El hombre es social por necesidad y egoísta por instinto

La salud: el hombre y la naturaleza, simbiosis perfecta

José Alonso Novelo Baeza*

Mucho se ha hablado y se habla de nuestros orígenes, esencia, carga genética que el inglés William Shakespeare sin saber resumió en to be or not to be.

Nacemos con una carga genética única para cada individuo y dispar para la colectividad, la inmensa mayoría de la humanidad gozamos de nuestro vigor híbrido no presente en las llamadas razas que están a punto de desaparecer de manera materialy descalificarse socialmente por ser el origen del racismo y consecuente clasismo, lacras de la historia del hombre y origen y producto de innumerables y vergonzosas calamidades en las interrelaciones humanas.

El hombre es un animal social por su necesidad de conservación física, pero es individualista por instinto, esto produce un conflicto de convivencia, una de tantas guerras civiles que llevamos dentro y que nos producen desequilibrios personales y sus consecuencias sociales, y nunca resolvemos del todo, en nuestro paso por nuestra materia a la que le llamamos vida. Mantenemos esta lucha interna entre el ego, el superego y el id, entre el deber y el querer, entre nuestro pobre consciente contra nuestro poderoso subconsciente el cual, como en piloto automático, controla y domina la mayor parte de nuestras acciones; tendemos a ser o sentirnos diferentes, ni siquiera logramos ser gremiales, aunque por necesidad lo pretendamos, y concluimos que somos más grupales sin compromiso común utilizando y no sirviendo al grupo al cual decidimos pertenecer para sólo obtener beneficios personales más que objetivos comunes.

Pudiera parecer este análisis o percepción del hombre catastrófico, negativo, pesimista o sin visos de buena esperanza, pero estamos obligados a entender que el análisis es un proceso de razonamiento que obliga a eliminar emociones para que, en la medida de lo posible, podamos llegar a una conclusión o juicio racional.

En pocas frases, el hombre en la mayoría de las veces, es víctima de lo complicado de su origen y de ese microcosmos genético no explorado, que marca el porqué y rumbo de nuestros particulares instintos, entendiendo éste como ese impulso natural irracional que nos provoca un sentimiento o decisión que nos lleva a una acción o inacción.

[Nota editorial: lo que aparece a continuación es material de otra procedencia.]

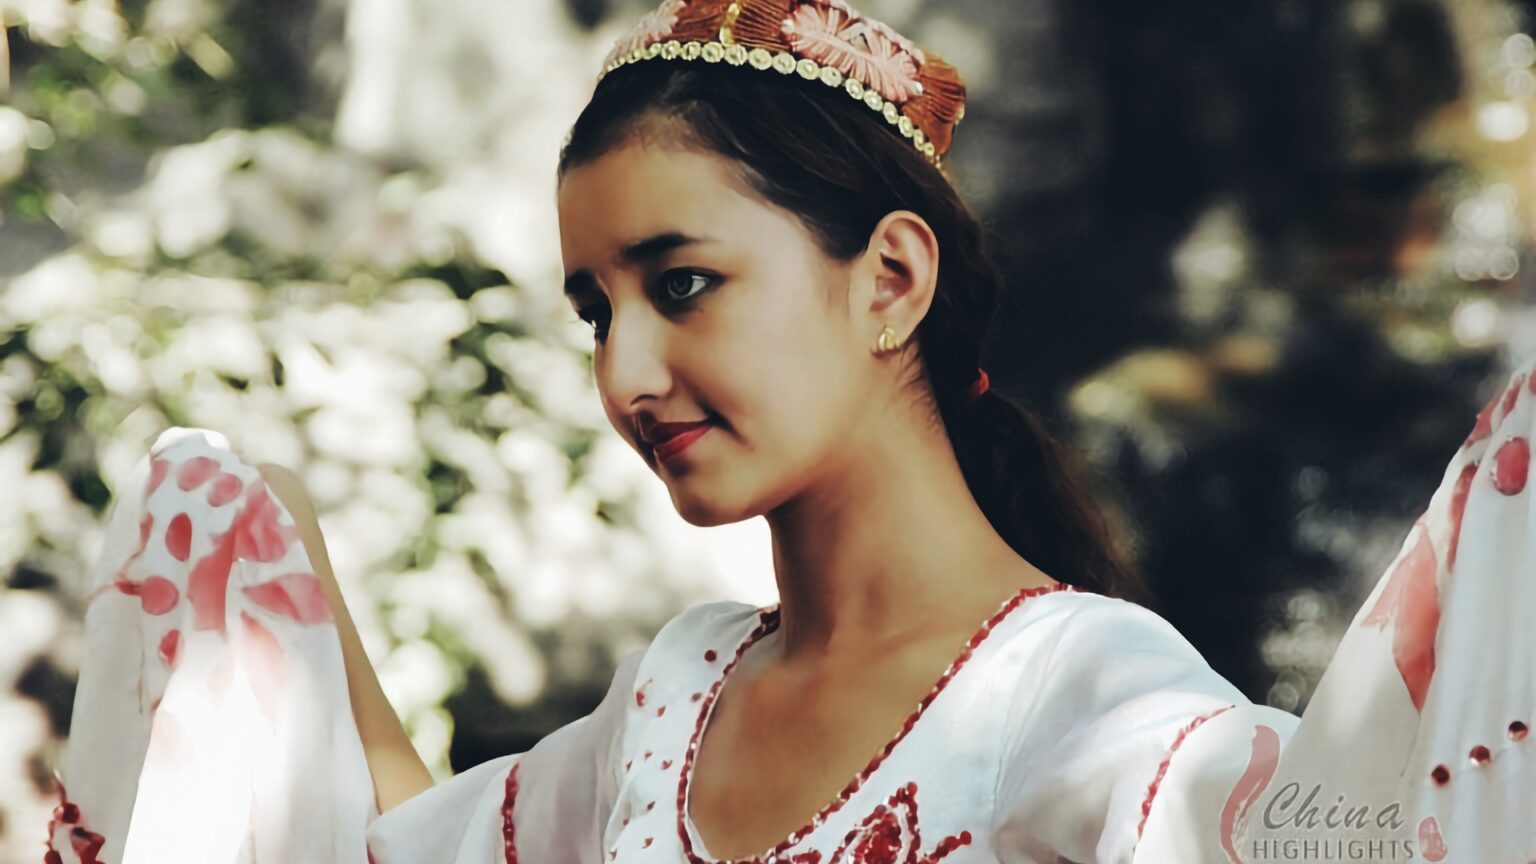 Traditional Uyghur woman

Siendo así como somos impredecibles, individualistas, instintivos, tuvimos que crear con el paso de la historia reglas para la buena convivencia, como han sido aquel antiguo Código de Hammurabi, los 10 Mandamientos, constituciones y leyes que rigen el actuar de individuos y comunidades y el más reciente intento de buena convivencia dictado después de la llamada Segunda Guerra Mundial, que fue la Carta Universal de los Derechos Humanos que, en tan sólo 30 artículos, pretendió en esos momentos y exigencias de una posguerra salvaguardar los derechos del hombre, pero falta, y hay que decirlo, el complemento de ese documento, podría decirse que el contrapeso del mismo, otro documento que sería la Carta Universal de las Obligaciones Humanas, para cerrar el círculo de la felicidad personal y el bienestar común.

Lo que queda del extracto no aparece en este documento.